Microsoft names Satya Nadella as CEO; Bill Gates out as chairman


Microsoft on Tuesday named Satya Nadella as its new chief executive, betting that the veteran company insider can revamp the firm at a time when it has fallen out of step with consumer tastes.

Nadella will succeed Steve Ballmer to become the third chief executive of the tech giant in its nearly 40-year history. Born in Hyderabad, India, he will also emerge as one of the few ­high-level,­ Indian-born executives of an American company.


As part of the management shuffle, Bill Gates will step down as chairman of the board and become a “technology adviser” to Nadella. Longtime Microsoft board member John Thompson, who led the CEO search, will assume the role of chairman.

Nadella’s appointment culminates a lengthy search that reportedly focused on outside candidates who could infuse the tech giant with a new vision.

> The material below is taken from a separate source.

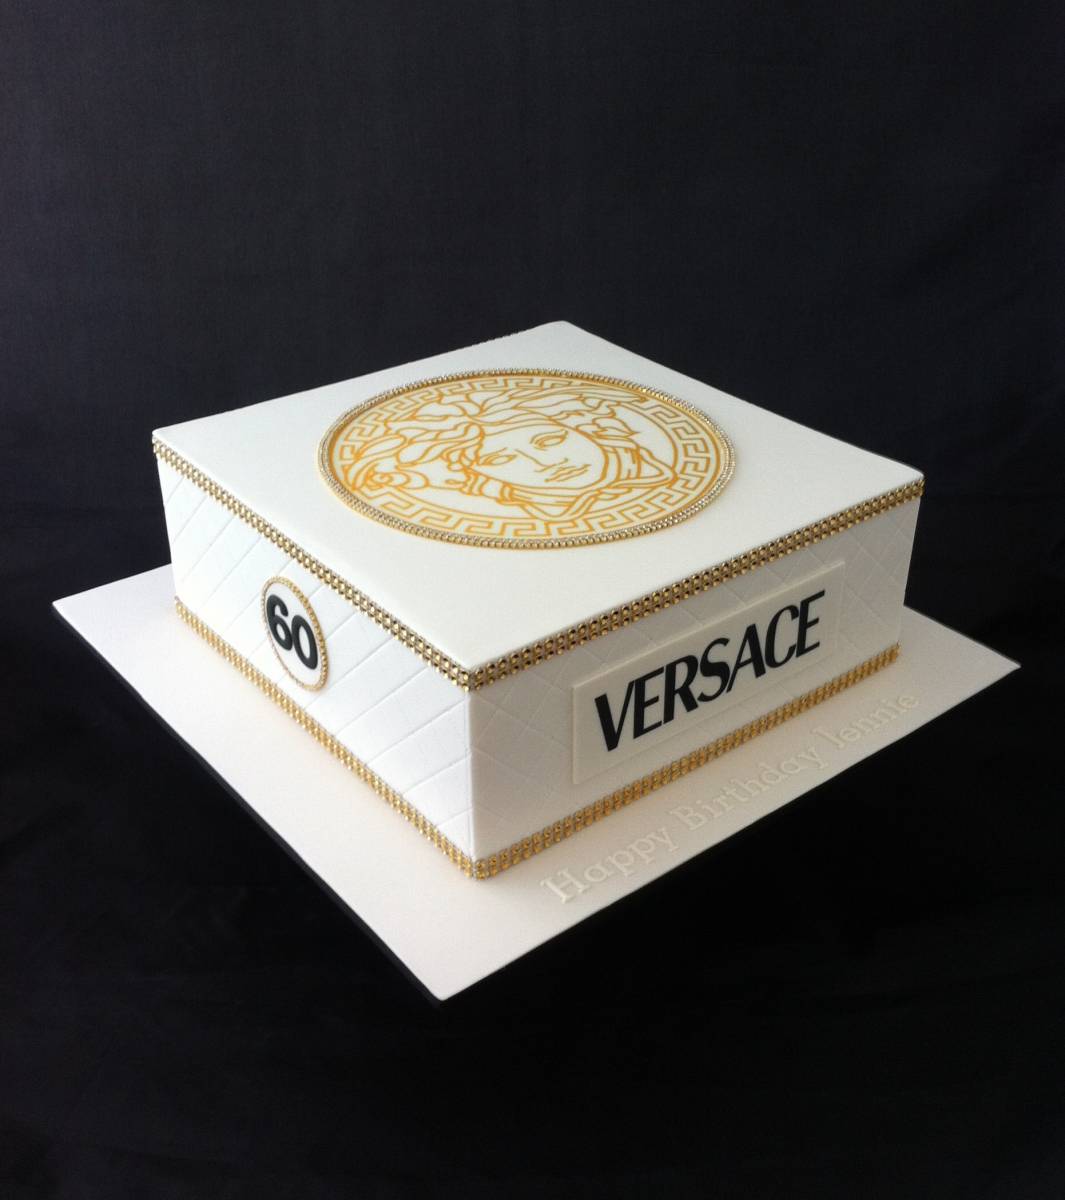 Versace cake - Picture of Sponge and Cream, London - Tripadvisor

But Nadella, who has been at the company 22 years, emerged as a top internal candidate as supporters pointed to his success in pushing some of the company’s main business customers into the cloud era.

That experience will be key as Microsoft looks to remake itself as consumers move away from the desktop that has been its core market for decades. Microsoft already lags far behind Apple and Google in the world of smartphones and tablets, and Nadella will have to prove quickly that he can jump-start the company’s mobile effort to quiet critics who wanted an outside candidate to take the helm.

“The main issue around Microsoft is its need for innovation and a set of fresh new strategies to drive the next leg of growth,” FBR Capital Markets said in a note Tuesday.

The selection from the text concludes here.